Although it seems we are compatible for most common use cases, we are not 100% compatible, so should add a note here.

Suggested change

Compatible()

Compatible(Some("Only supports years between 262143 BC and 262142 AD"))

If we do not cover these cases in this PR, we should add a test with ignore

changed Compatible as suggested
also added back an ignore test case for fuzz test as a placeholder

kazuyukitanimura · 2024-05-13T18:41:09Z

spark/src/test/scala/org/apache/comet/CometCastSuite.scala

    // https://github.com/apache/datafusion-comet/issues/327
-    castTest(generateStrings(datePattern, 8).toDF("a"), DataTypes.DateType)


Should we keep generateStrings because that covers random value tests?

generateStrings method wasnt removed, just the fuzz test for Dates we removed, but now added back the fuzz test for Dates as an ignore test some dates are not supported.

I left a suggestion for adding the fuzzing back but filtering out values that we know are not supported

I think that we can remove the ignored test if everyone is happy with the suggested changes

removed now and added a filtered fuzzy test

vidyasankarv · 2024-05-14T19:24:20Z

Hi @andygrove
I need some help
https://github.com/apache/datafusion-comet/pull/383/files#diff-41ecdd113d7a7afe33447e34f1ff0b5ed3033a89bfbcefa9e7e259d7a6e4daecR593

These particular test cases result in failure - like when i run with this sample test 2020-10-010T - the same test in rust returns CometError in ansi mode https://github.com/apache/datafusion-comet/pull/383/files#diff-b7339cca414a6315488506dd33654946f62c229feb8ad0d4abeda683ca75b4b5R1717

However when the ComeTestSuite for Test String to Date - runs it fails for the combination of comet ansi enabled without try_cast.

I have tried to concurrently debug on CLION https://github.com/apache/datafusion-comet/blob/main/docs/source/contributor-guide/debugging.md - however the breakpoints show us disabled and are nt hitting - i tried switching to lldb in the clion toolchain too but no help. I added some additional logging locally and can see that it returns a CometError for the invalid value on the rust side as expected, but returns None for Comet side when running from the scala test suite.

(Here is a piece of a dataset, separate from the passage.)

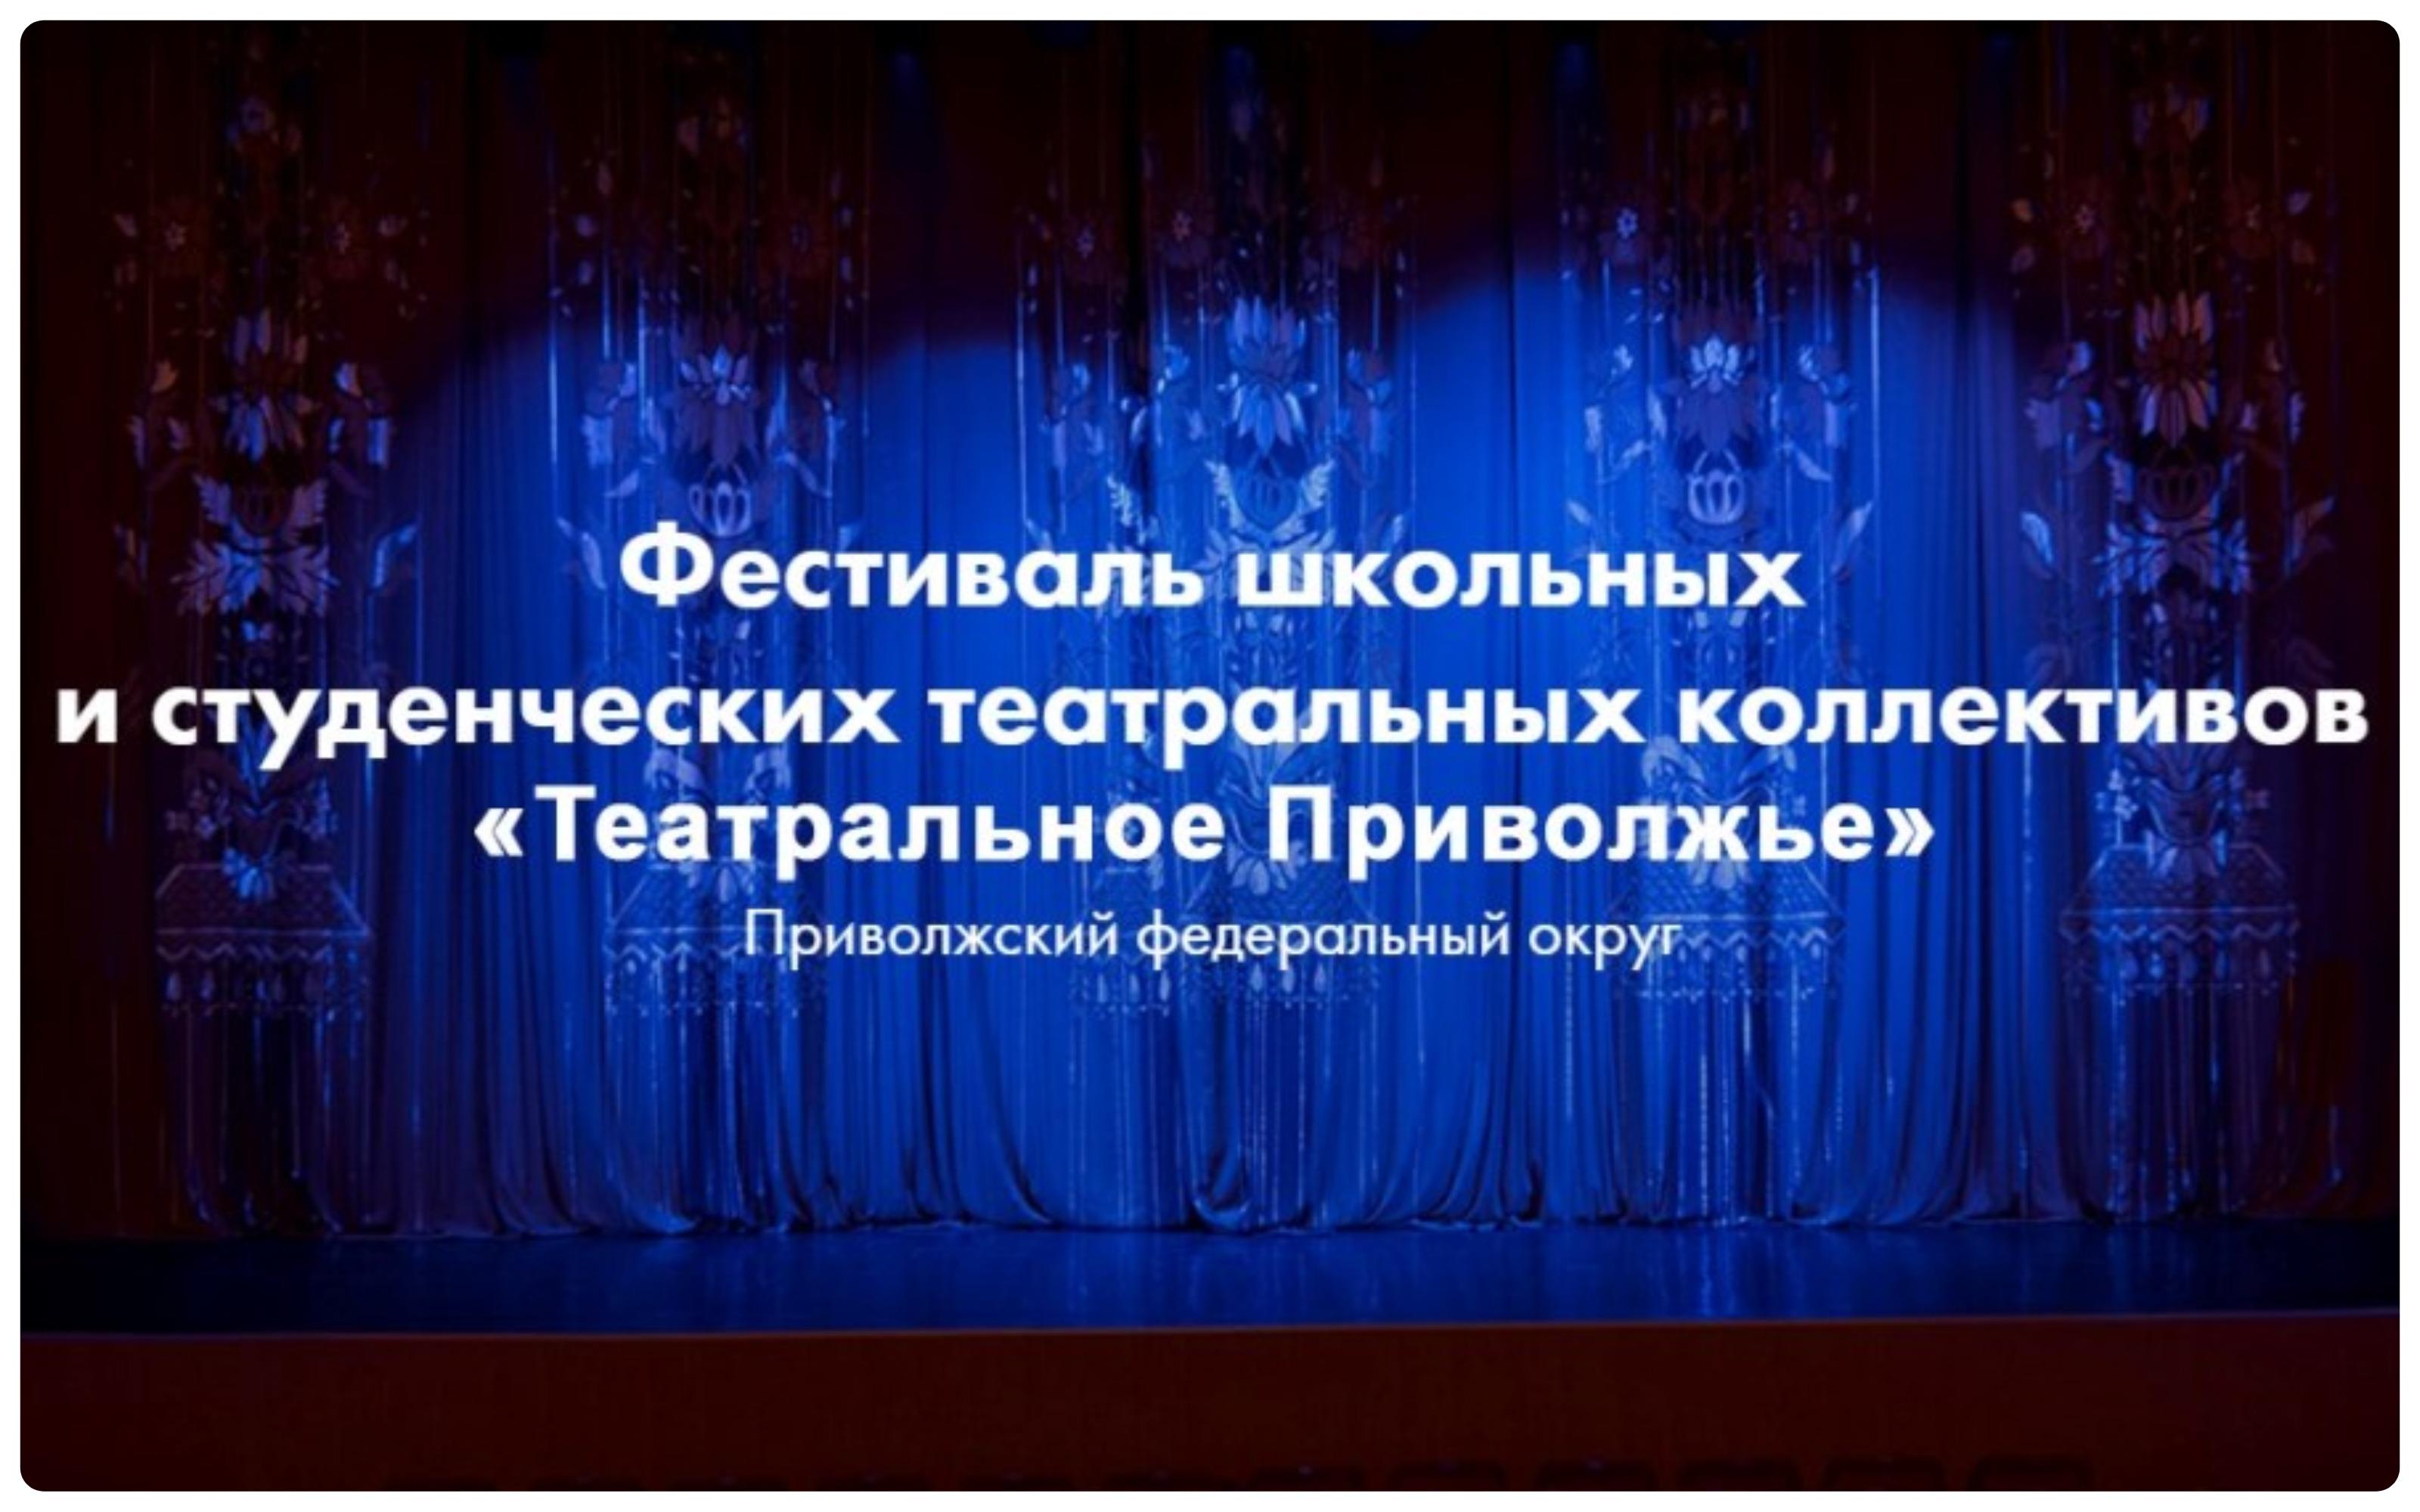 Фестиваль школьных и студенческих театральных коллективов

Is there something else I could be missing in terms of any configuration. Appreciate any help when you get some time.

Thank you

andygrove · 2024-05-14T22:26:48Z

core/src/execution/datafusion/expressions/cast.rs

+                    } else if let Ok(Some(cast_value)) =
+                        date_parser(string_array.value(i), eval_mode)


@vidyasankarv This is the fix you need to make your current test pass.

The problem was that we were ignoring any error here when runnin in ANSI mode.

Suggested change

} else if let Ok(Some(cast_value)) =

date_parser(string_array.value(i), eval_mode)

} else if let Some(cast_value) = date_parser(string_array.value(i), eval_mode)?

oh sorry my mistake missed checking here.
handling all cases of return value of date_parser using matching clause now.
thank you @andygrove

andygrove · 2024-05-14T22:39:32Z

spark/src/test/scala/org/apache/comet/CometCastSuite.scala

+      "2020-mar-20",
+      "not_a_date",
+      "T2")
+    castTest((validDates ++ invalidDates).toDF("a"), DataTypes.DateType)


Let's add fuzzing back here, but filter out values that we know that we cannot support.

Suggested change

castTest((validDates ++ invalidDates).toDF("a"), DataTypes.DateType)

// due to limitations of NaiveDate we only support years between 262143 BC and 262142 AD"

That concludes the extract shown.